Material shown -
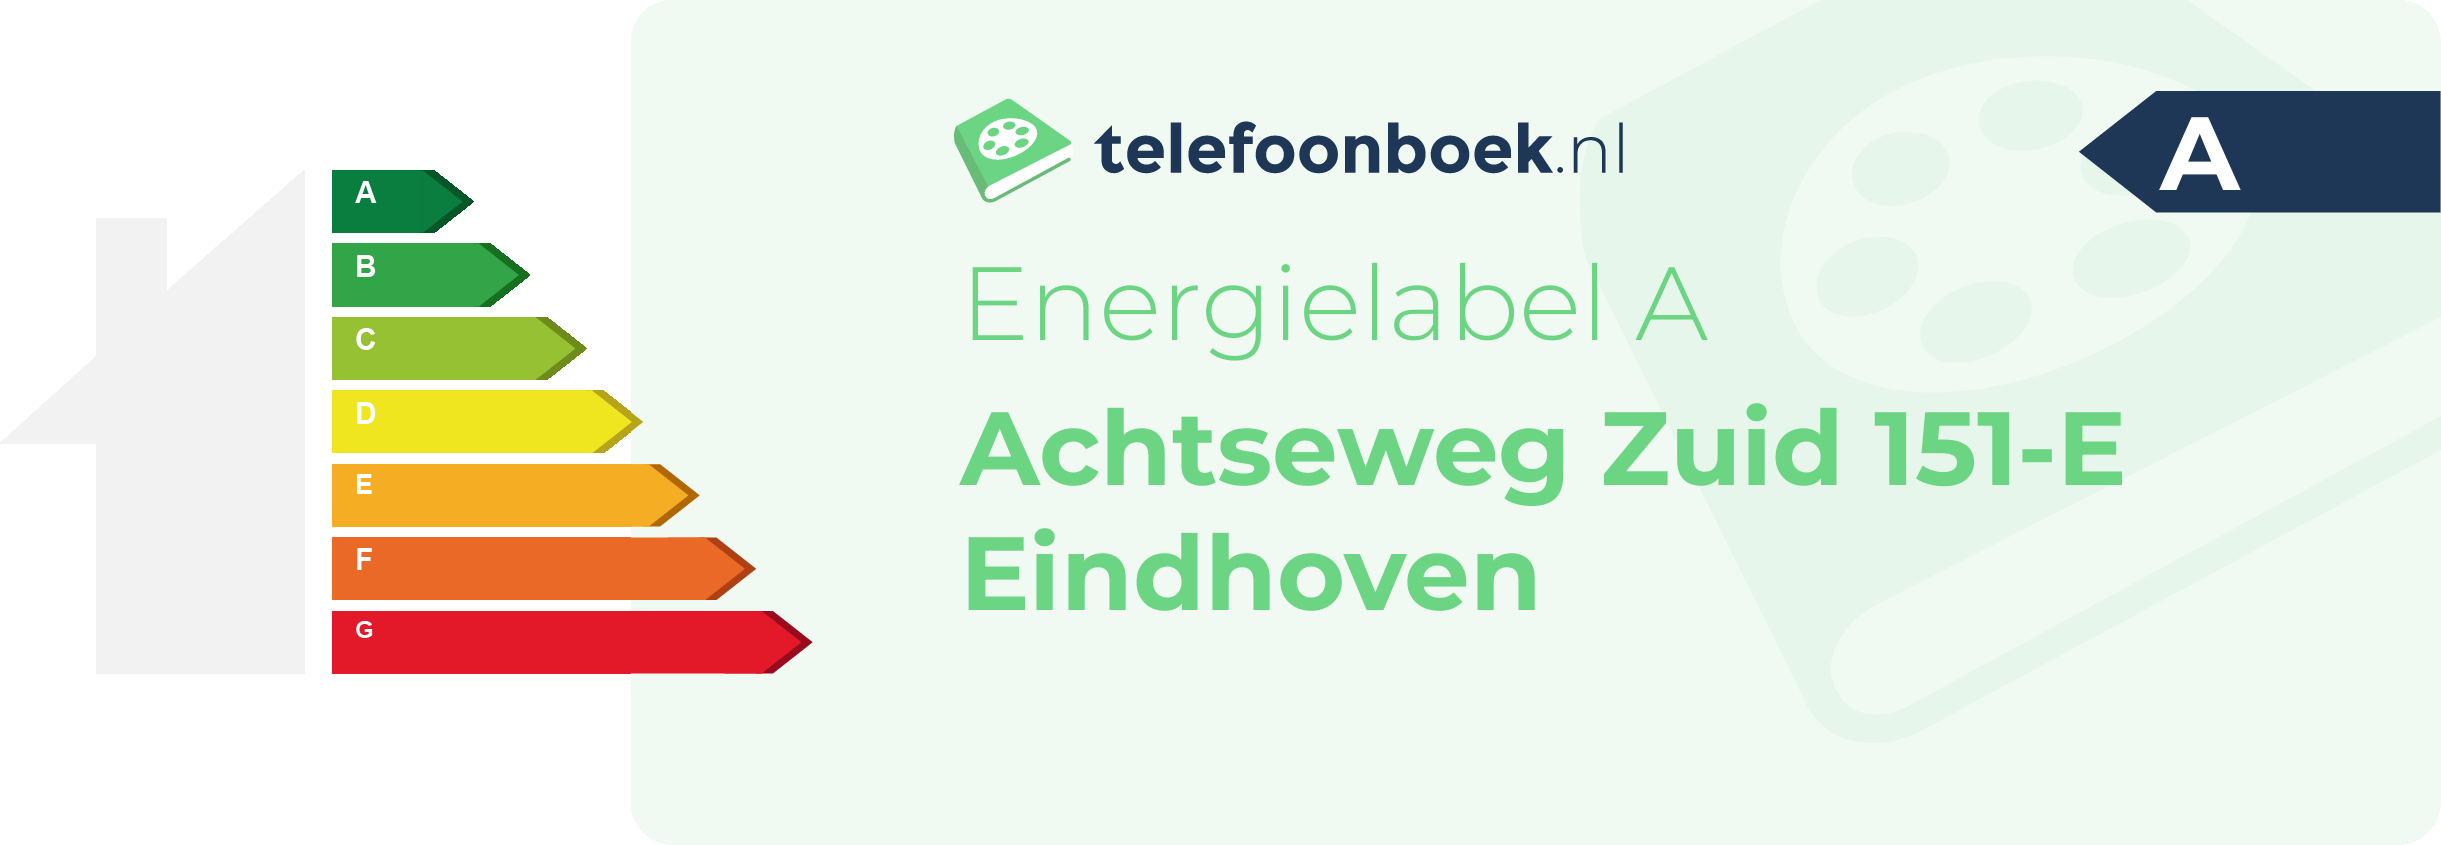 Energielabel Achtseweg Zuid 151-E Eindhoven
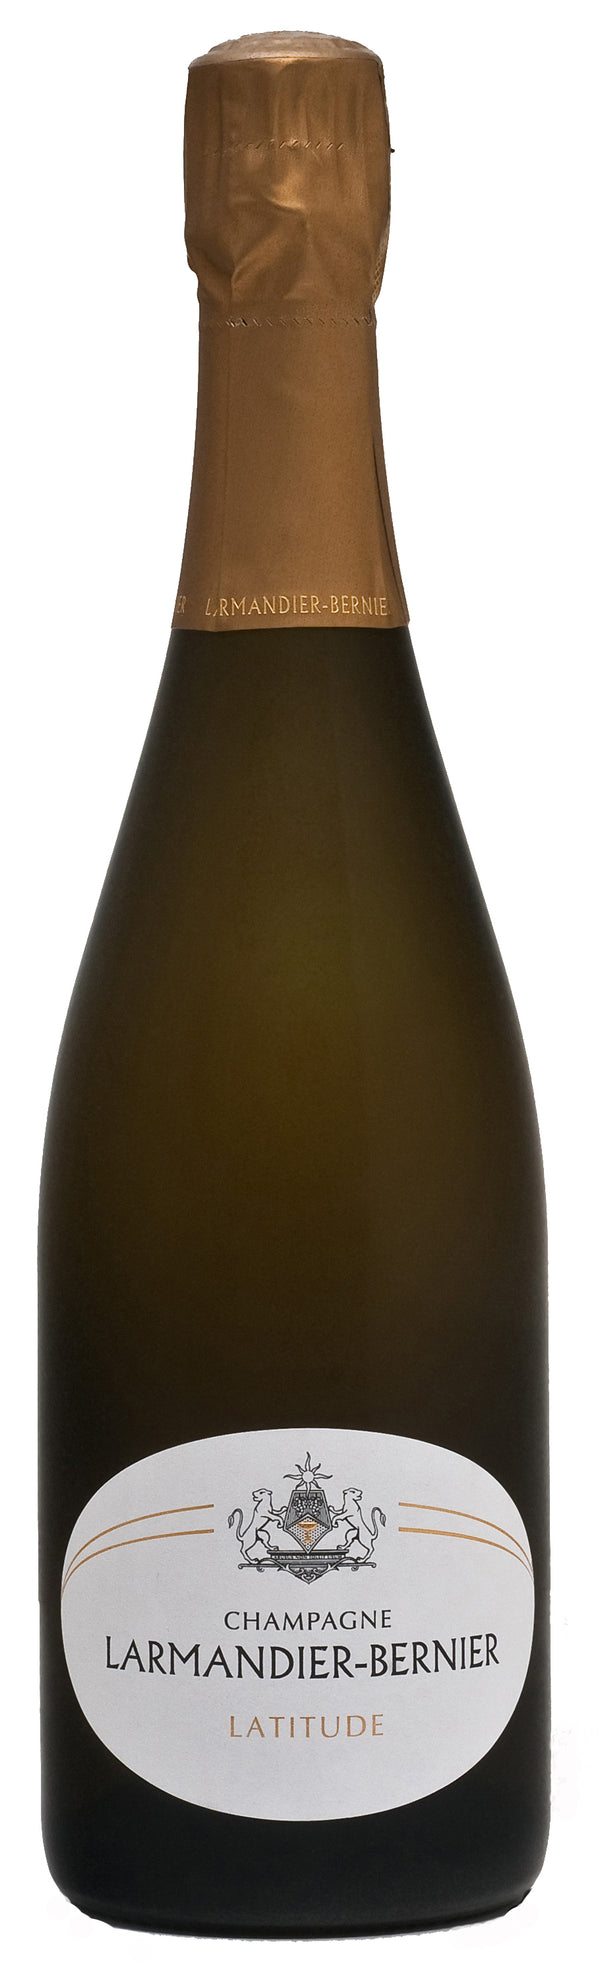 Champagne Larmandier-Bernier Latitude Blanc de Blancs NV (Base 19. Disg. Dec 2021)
* * *
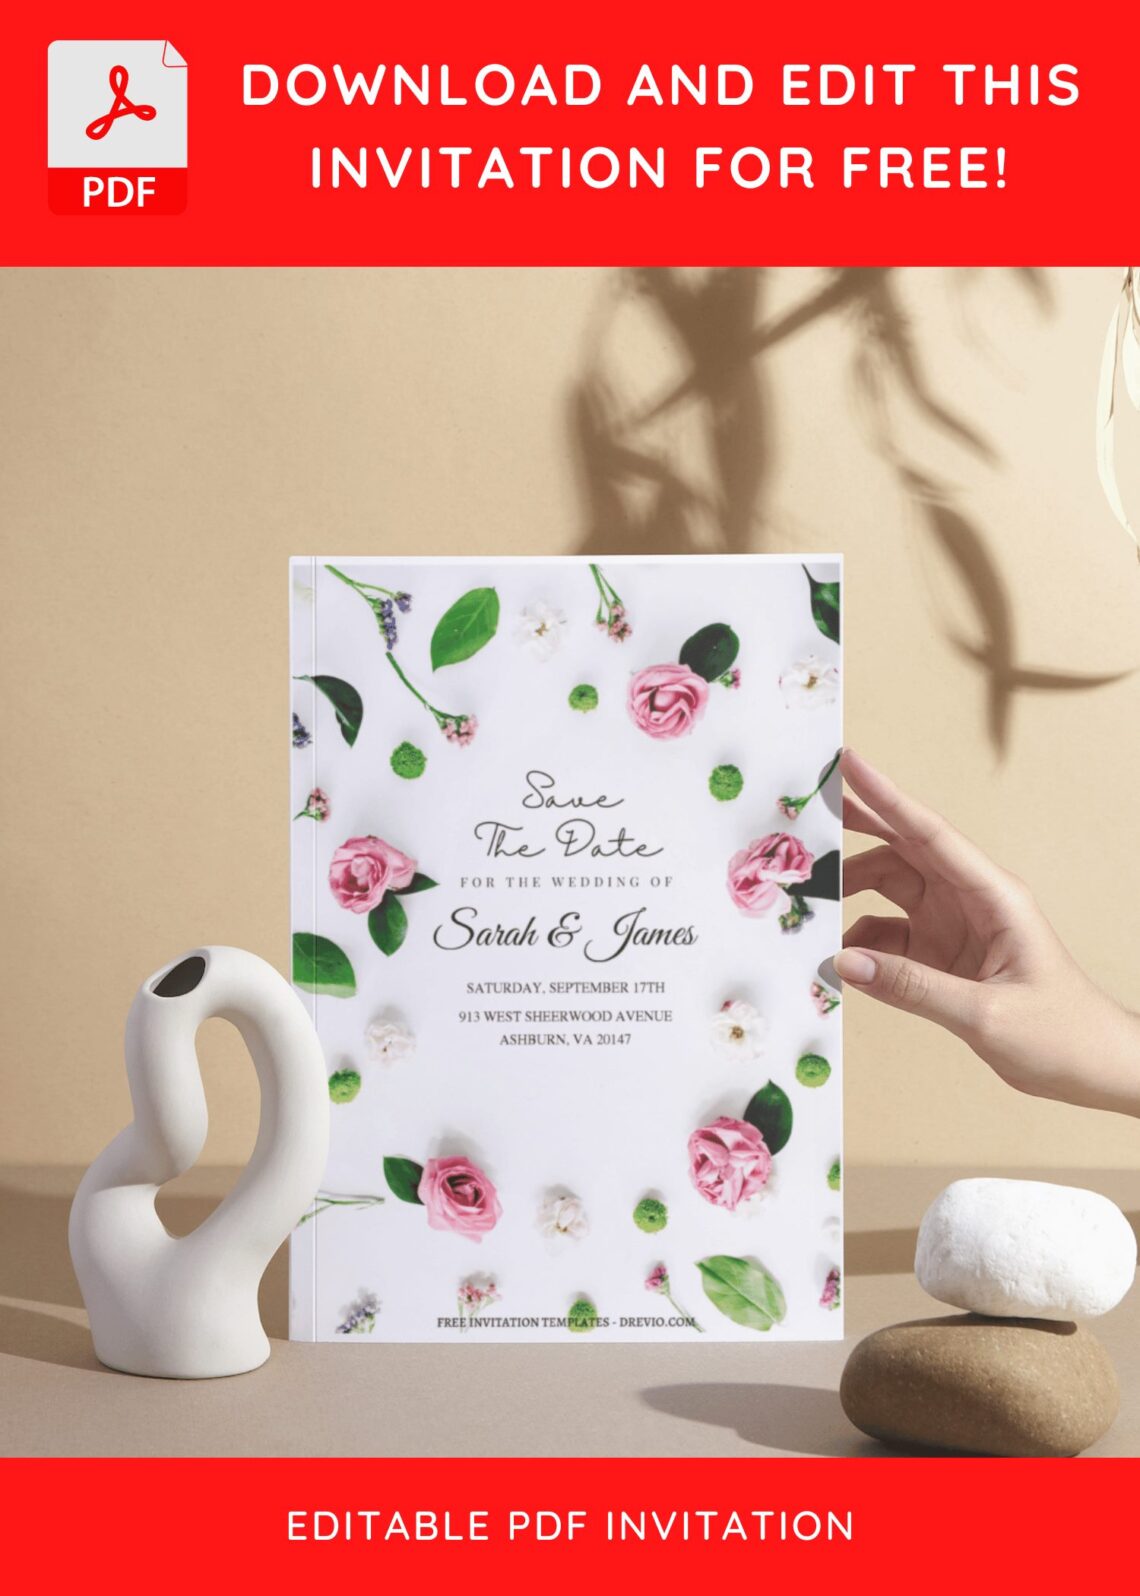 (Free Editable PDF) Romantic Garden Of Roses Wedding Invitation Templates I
* * *
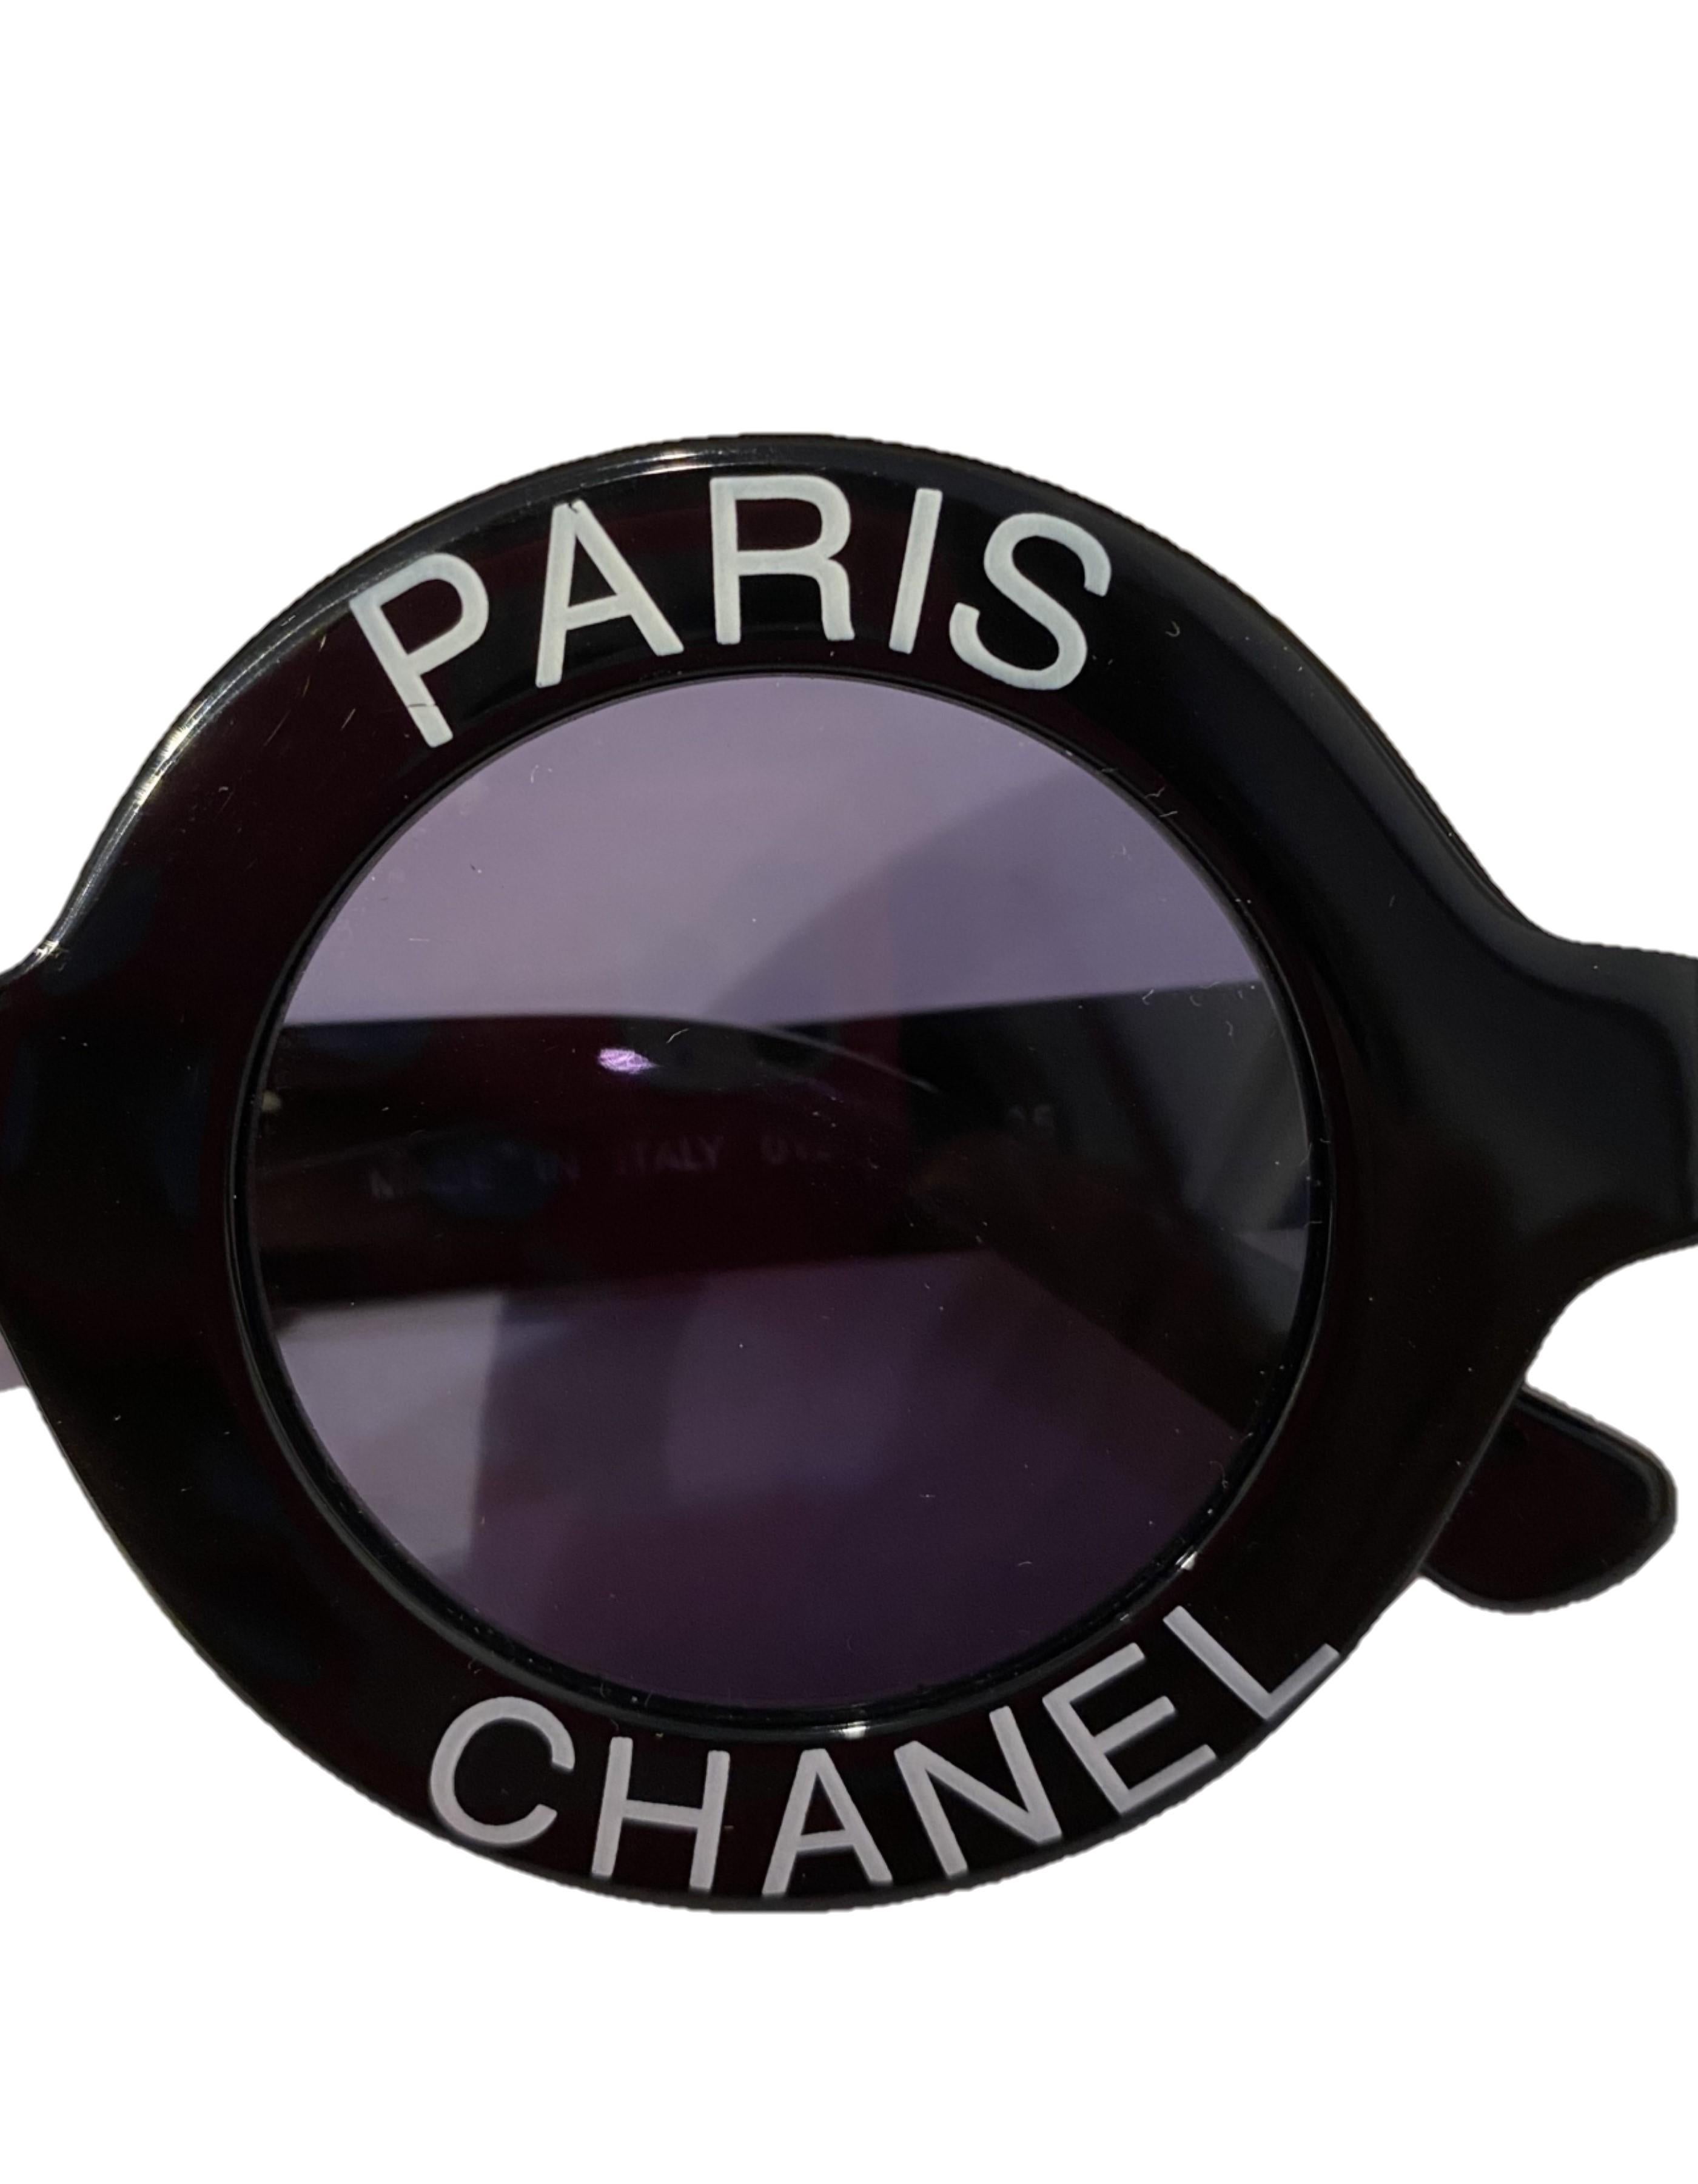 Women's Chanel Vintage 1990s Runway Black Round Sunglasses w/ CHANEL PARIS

What is needed - Take the material above from the line bearing "Energielabel Achtseweg Zuid 151-E Eindhoven" through the line bearing "Champagne Larmandier-Bernier Latitude" and write it out exactly, both end lines included. Pictures stay out.

Result of the task -
 Energielabel Achtseweg Zuid 151-E Eindhoven
 Champagne Larmandier-Bernier Latitude Blanc de Blancs NV (Base 19. Disg. Dec 2021)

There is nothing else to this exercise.